From suspenseful reads to literary tweeds…
What I liked about Gillian Flynn’s Gone Girl is it forces you to question your preferences. Where are we comfortable? In what gender roles do we prefer to see others and, in return, ourselves?
My book club reviewed Gone Girl last month, and we had some interesting debates. Which character did we like better? Did we like the character better at the beginning of the novel or better at the end of the novel? Because the characters do change…oh boy, do they change. No spoilers here though. We also looked at women’s roles in general, and do women take on a persona different from themselves when dating and in relationships? We thought so. The question is to what degree is that healthy or wise? Is it unavoidable that we will act differently with the opposite sex than we do with the same sex or in our immediate families. People do return to their roles of youth when cast back into that setting – watch yourself at the next family reunion – are you 40 or 10? Do we do that with the opposite sex, too? Gillian Flynn looks at change of persona and calculates its effect on relationships…in an extreme sense – it is a thriller. Was it scary? No.

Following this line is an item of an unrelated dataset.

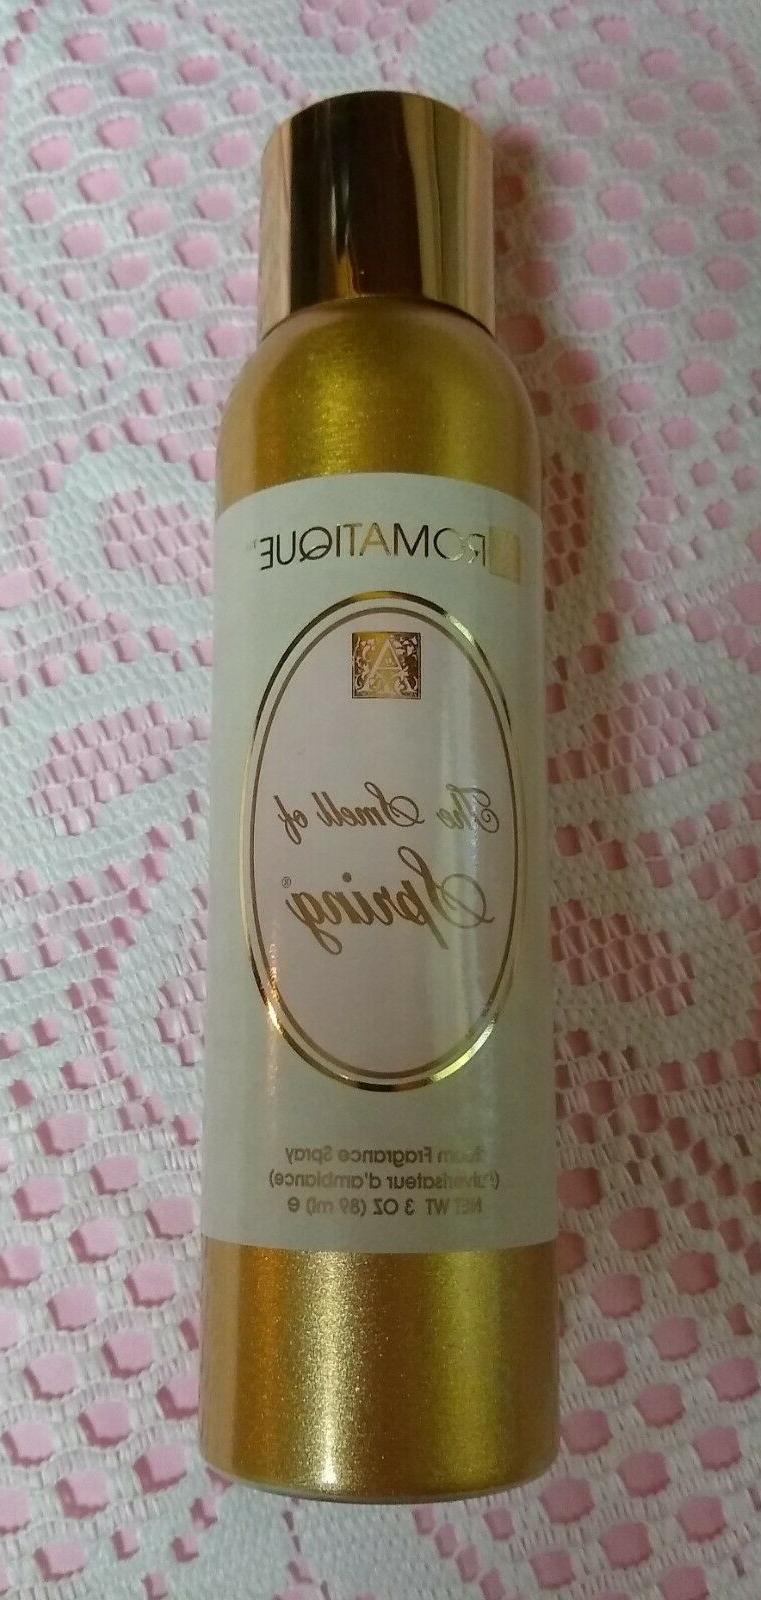 "Aromatique ""The Smell of Spring"" 3 oz. Room Fragrance Spray"
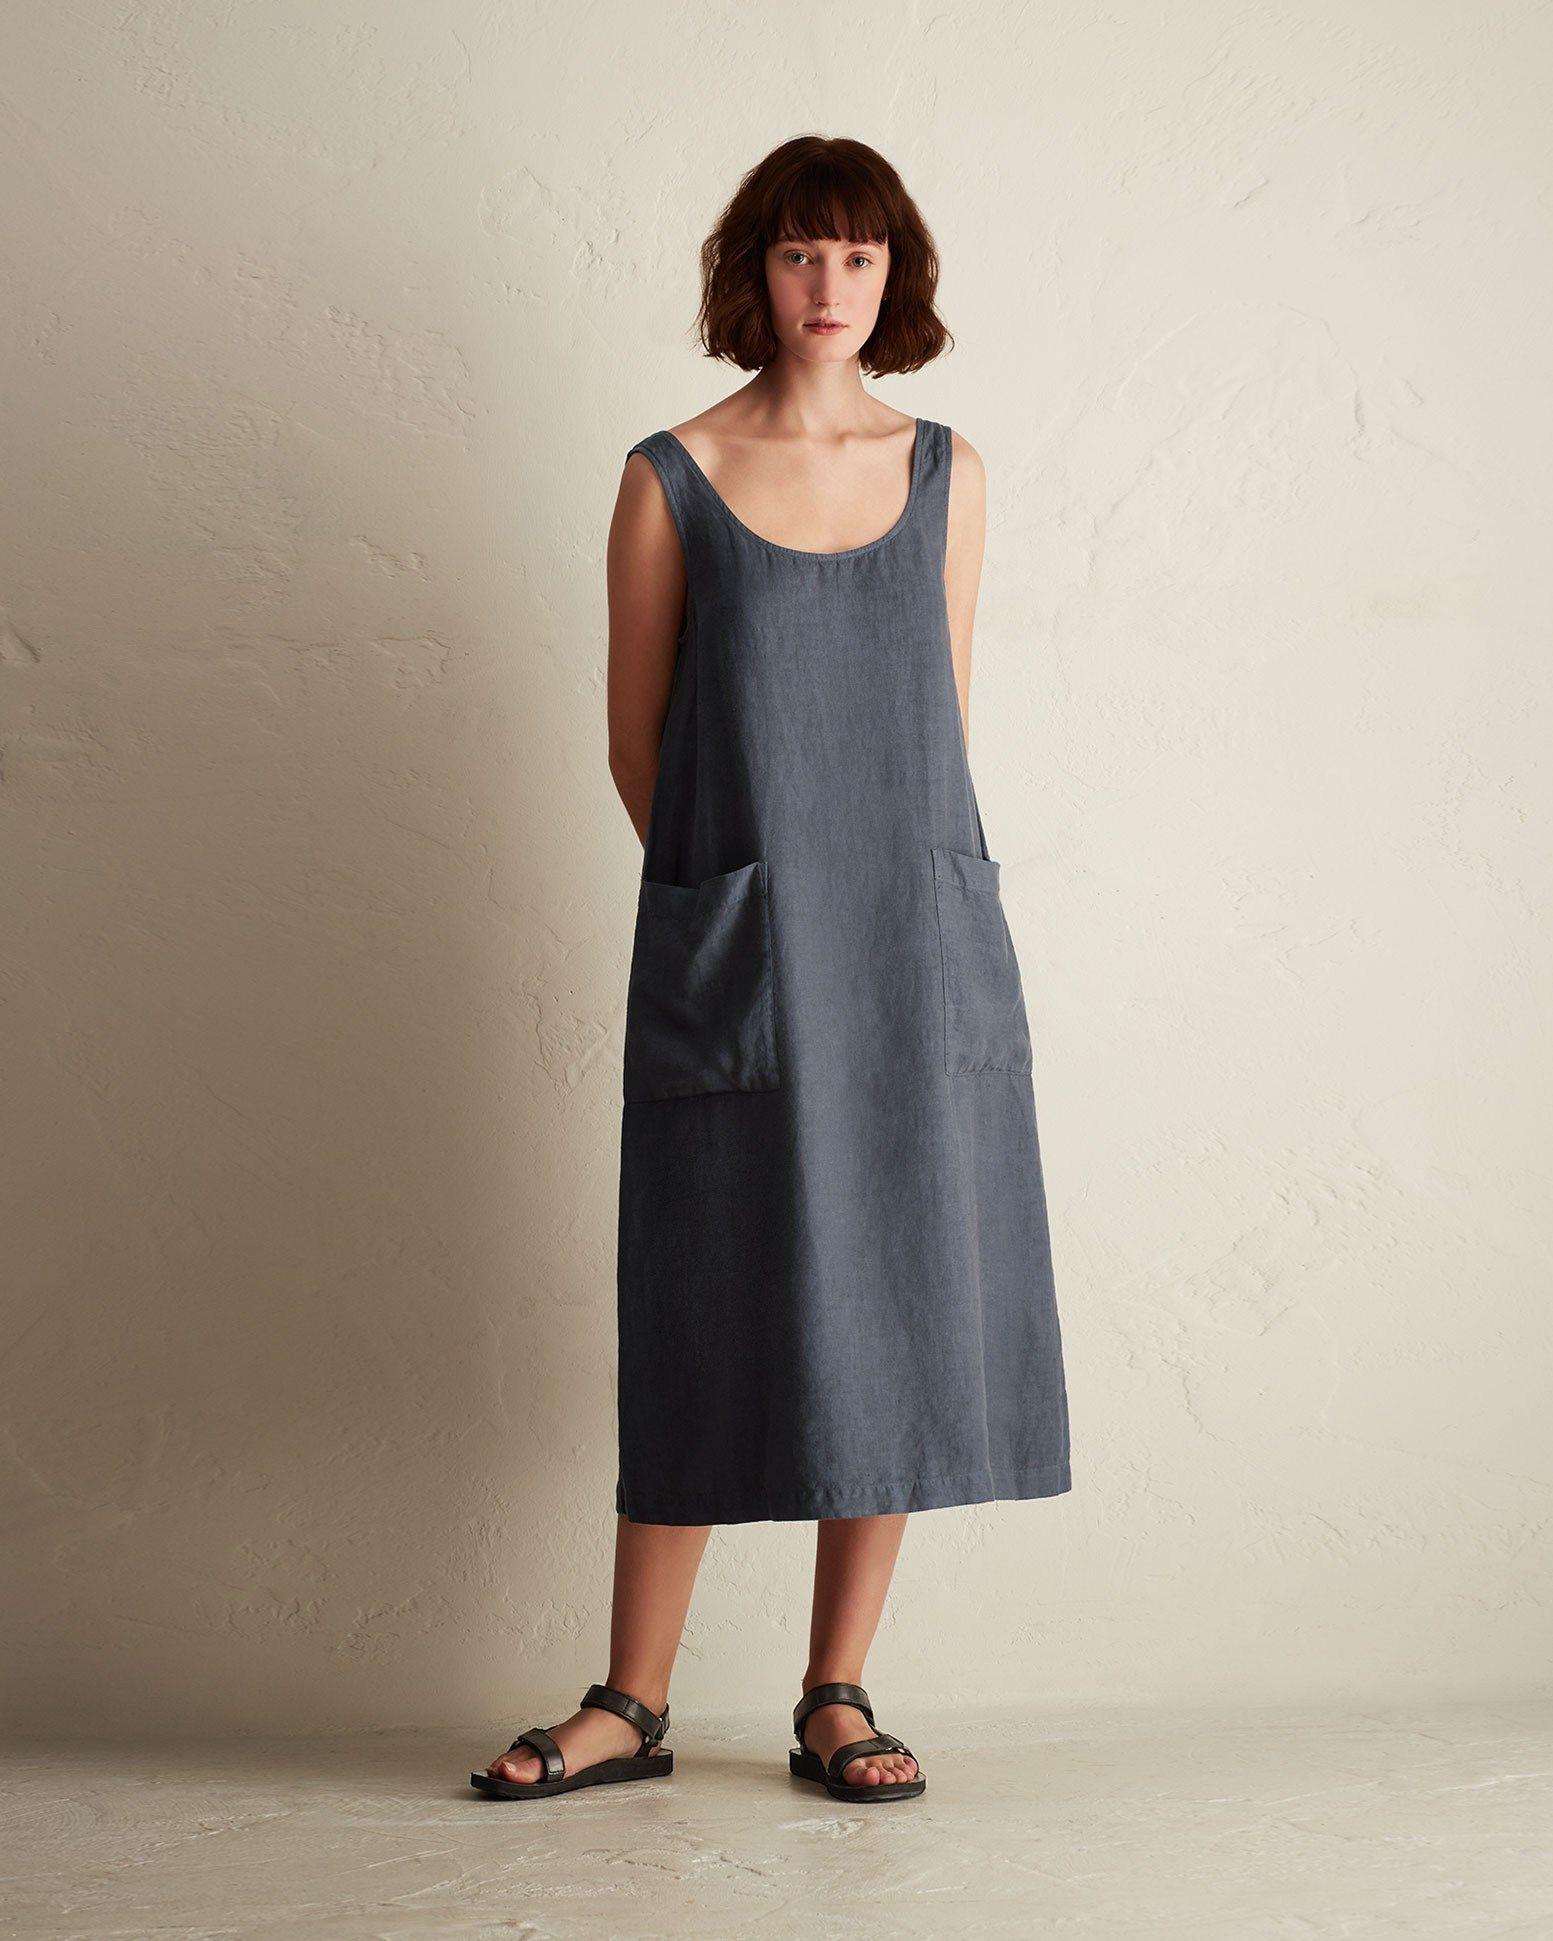 Easy sun dress in a lightweight supple linen low scoop

The novel may be considered mainstay without the grand twist in the middle. A younger couple drifting towards middle-age while drifting apart from each other. An identity crisis enhanced by the economic adversity of the day. The twist is what will keep you reading and increase the pace. The outcome drove my book club mad. Some found it far-fetched and unlikely while others, torn by their increased sympathy, thought why not.
Our world, countries and homes have and our continuing to face difficult times. I have seen this mentioned now in a few movies and books. I am glad as it sets a scene with realism that we can relate to. Trying to times can bring out the best and the worst in us. Remember Lord of the Flies?
Lastly, Gillian Flynn looks at the role of the media in defining the roles of relationships and behaviour. What is acceptable and what is not in the eyes of society? How does the media shape societal and our own views? Who decides – the audience or the moderator?
Gone Girl is a light jaunt of a read which won’t bog you down in metaphoric prose like a literary novel might. The key to its success is the guise of simplicity over some truly grandiose questions about relationships and society.